[Opening The data section]

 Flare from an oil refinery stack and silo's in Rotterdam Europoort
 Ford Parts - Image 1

[Closing The data section]
[Opening The data section]

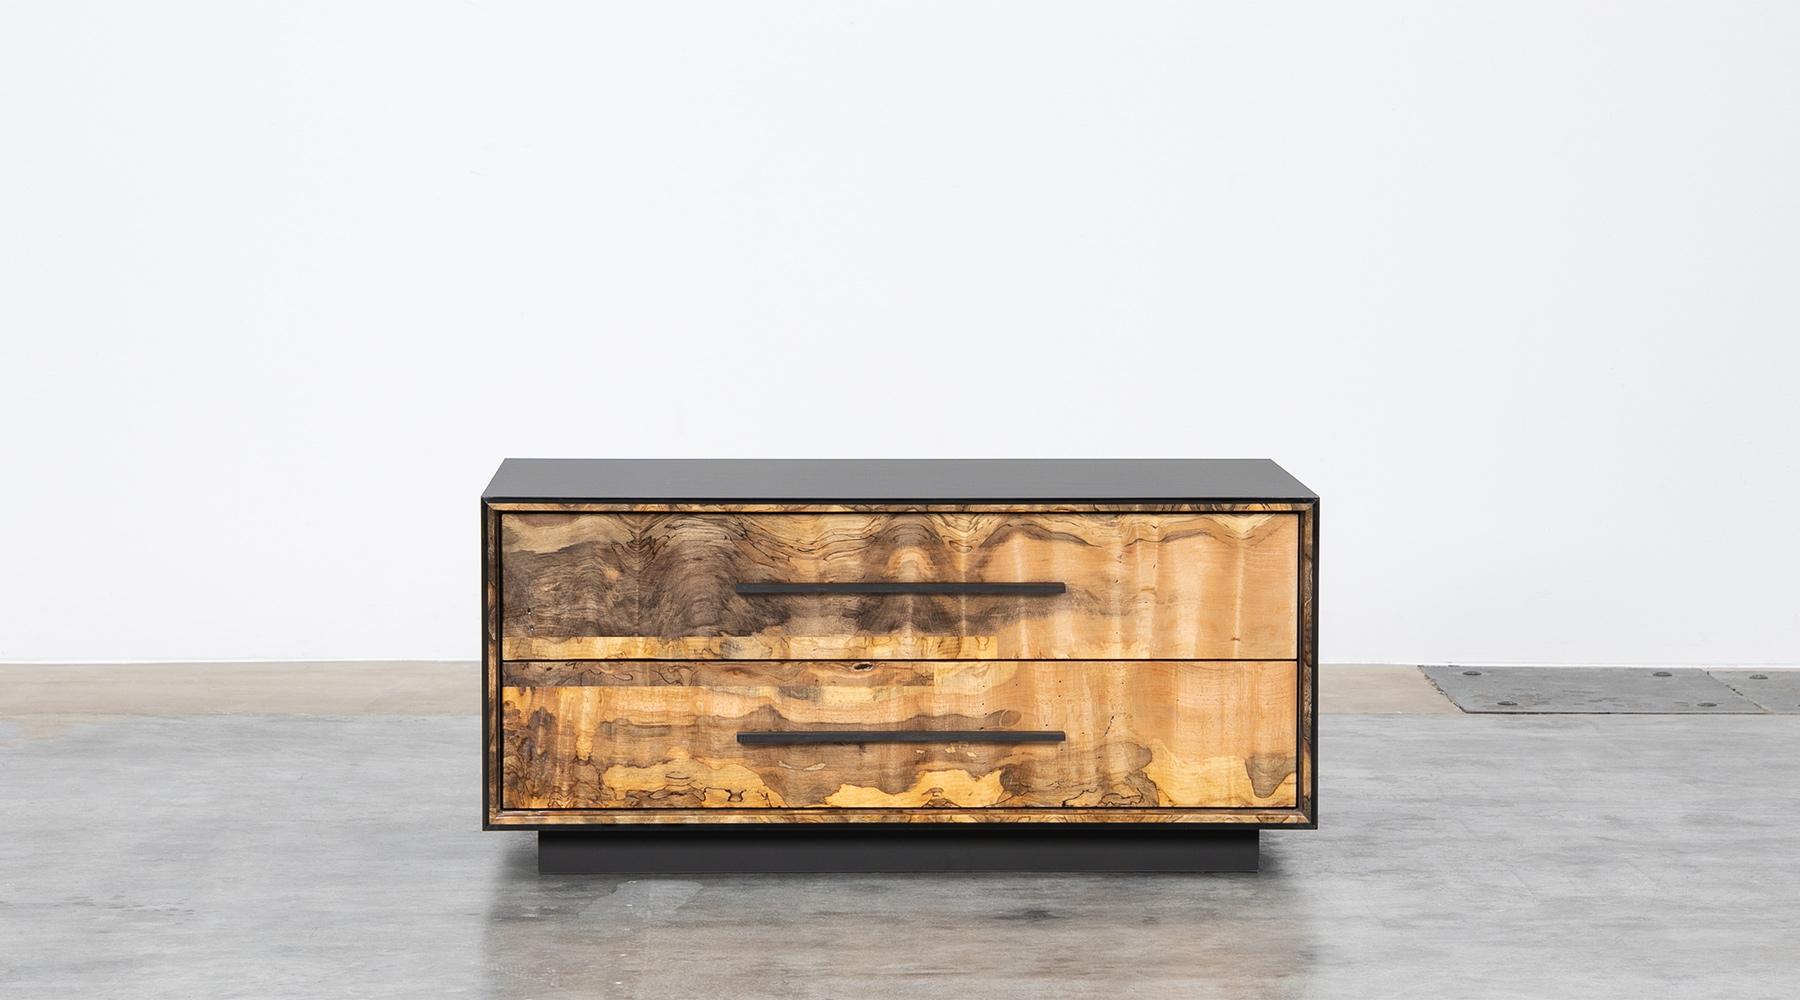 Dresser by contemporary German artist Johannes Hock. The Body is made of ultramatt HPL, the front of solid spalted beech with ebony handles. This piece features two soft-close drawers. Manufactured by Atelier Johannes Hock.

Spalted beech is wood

[Closing The data section]
[Opening The data section]

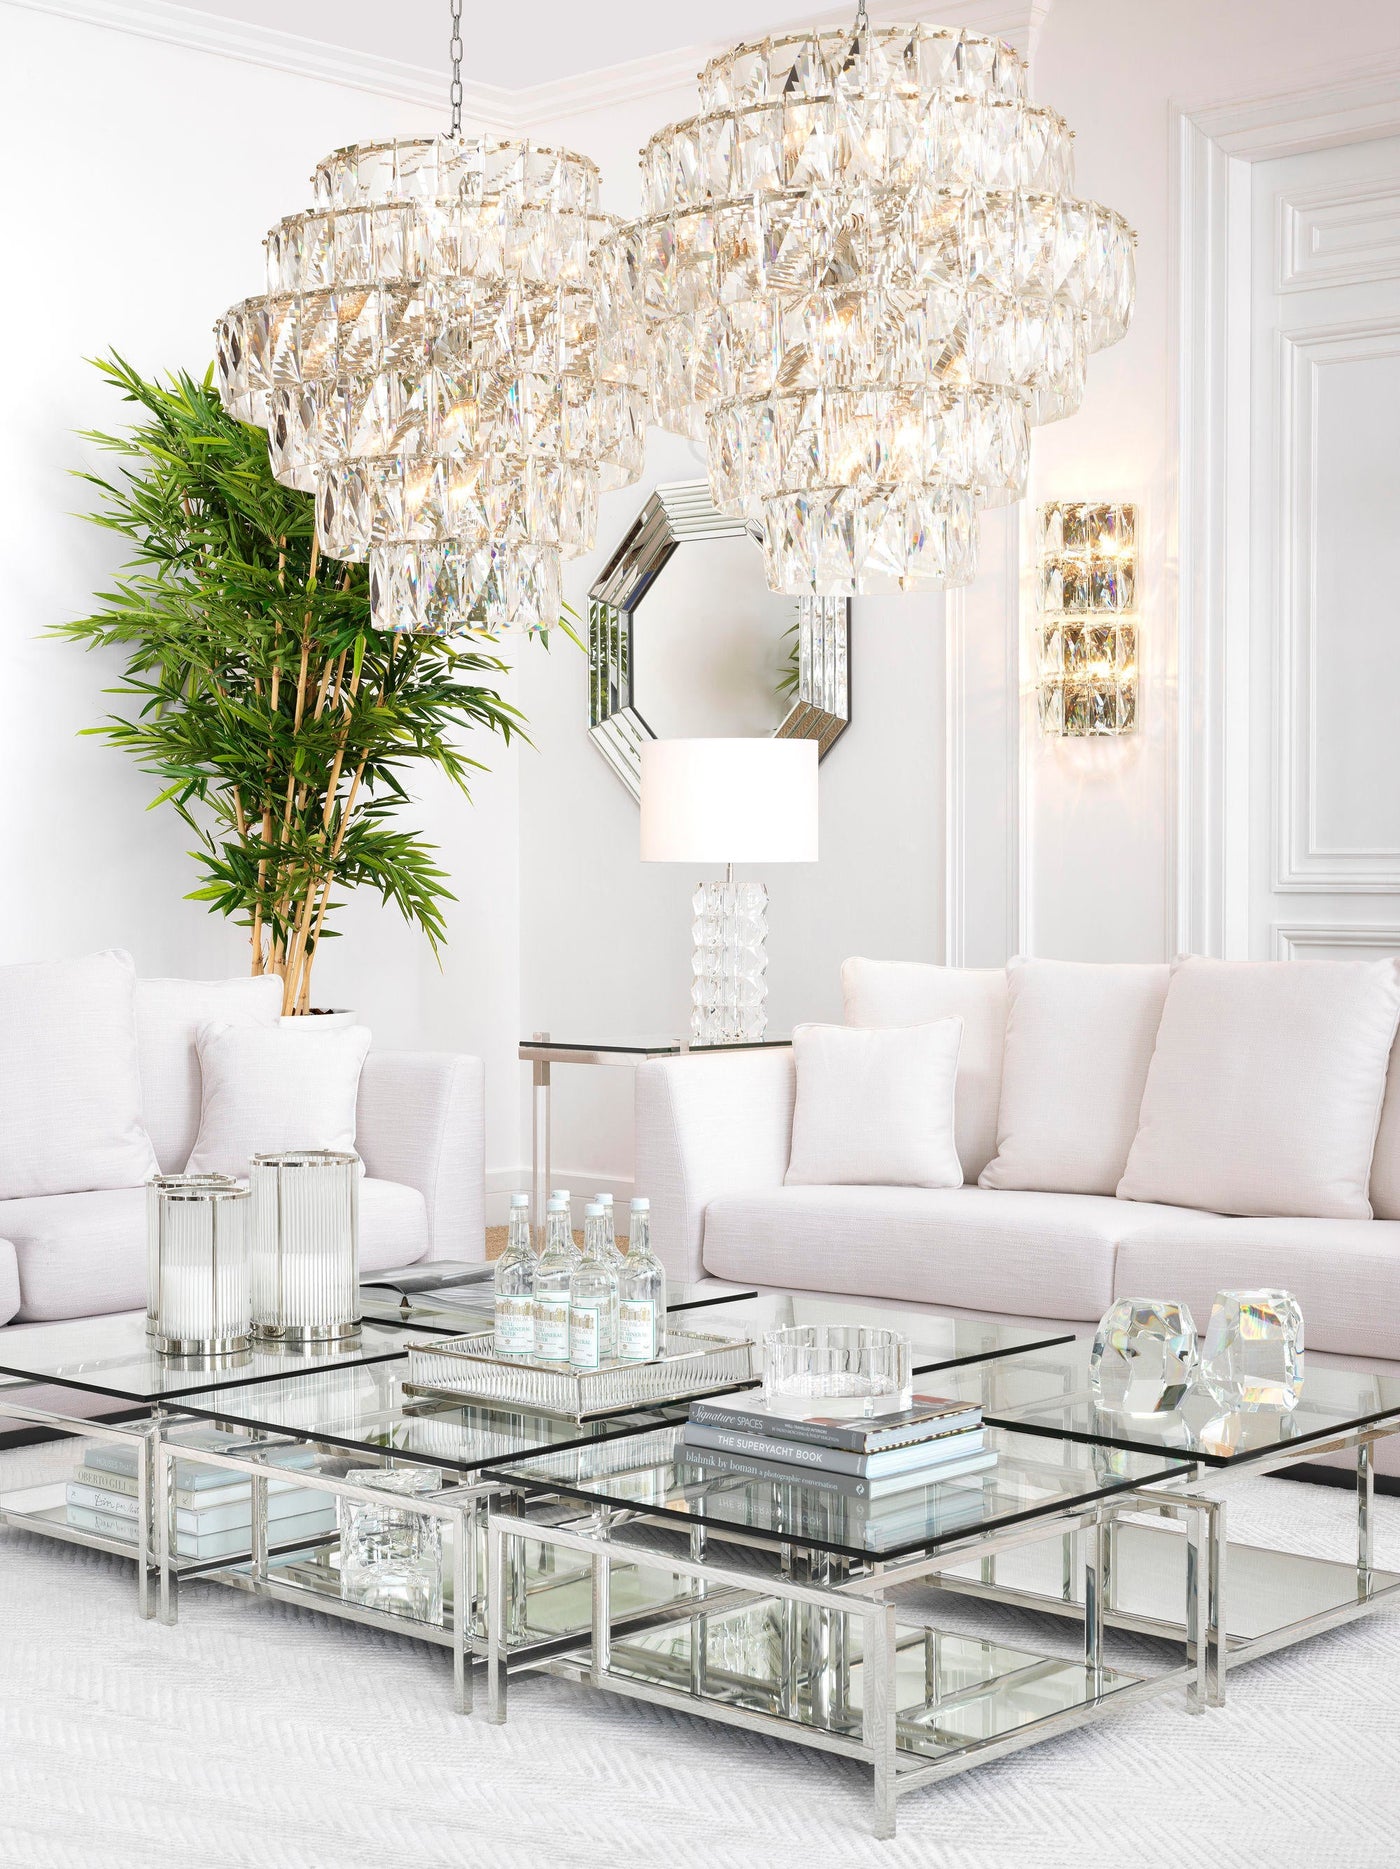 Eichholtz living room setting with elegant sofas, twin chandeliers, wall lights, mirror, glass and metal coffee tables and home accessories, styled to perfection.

[Closing The data section]

What is required :: Using the material above, transcribe exactly the lines from the line with "Flare from an" to the line with "Ford Parts - Image 1"; both count, and nothing else goes in.

Response below ::
 Flare from an oil refinery stack and silo's in Rotterdam Europoort
 Ford Parts - Image 1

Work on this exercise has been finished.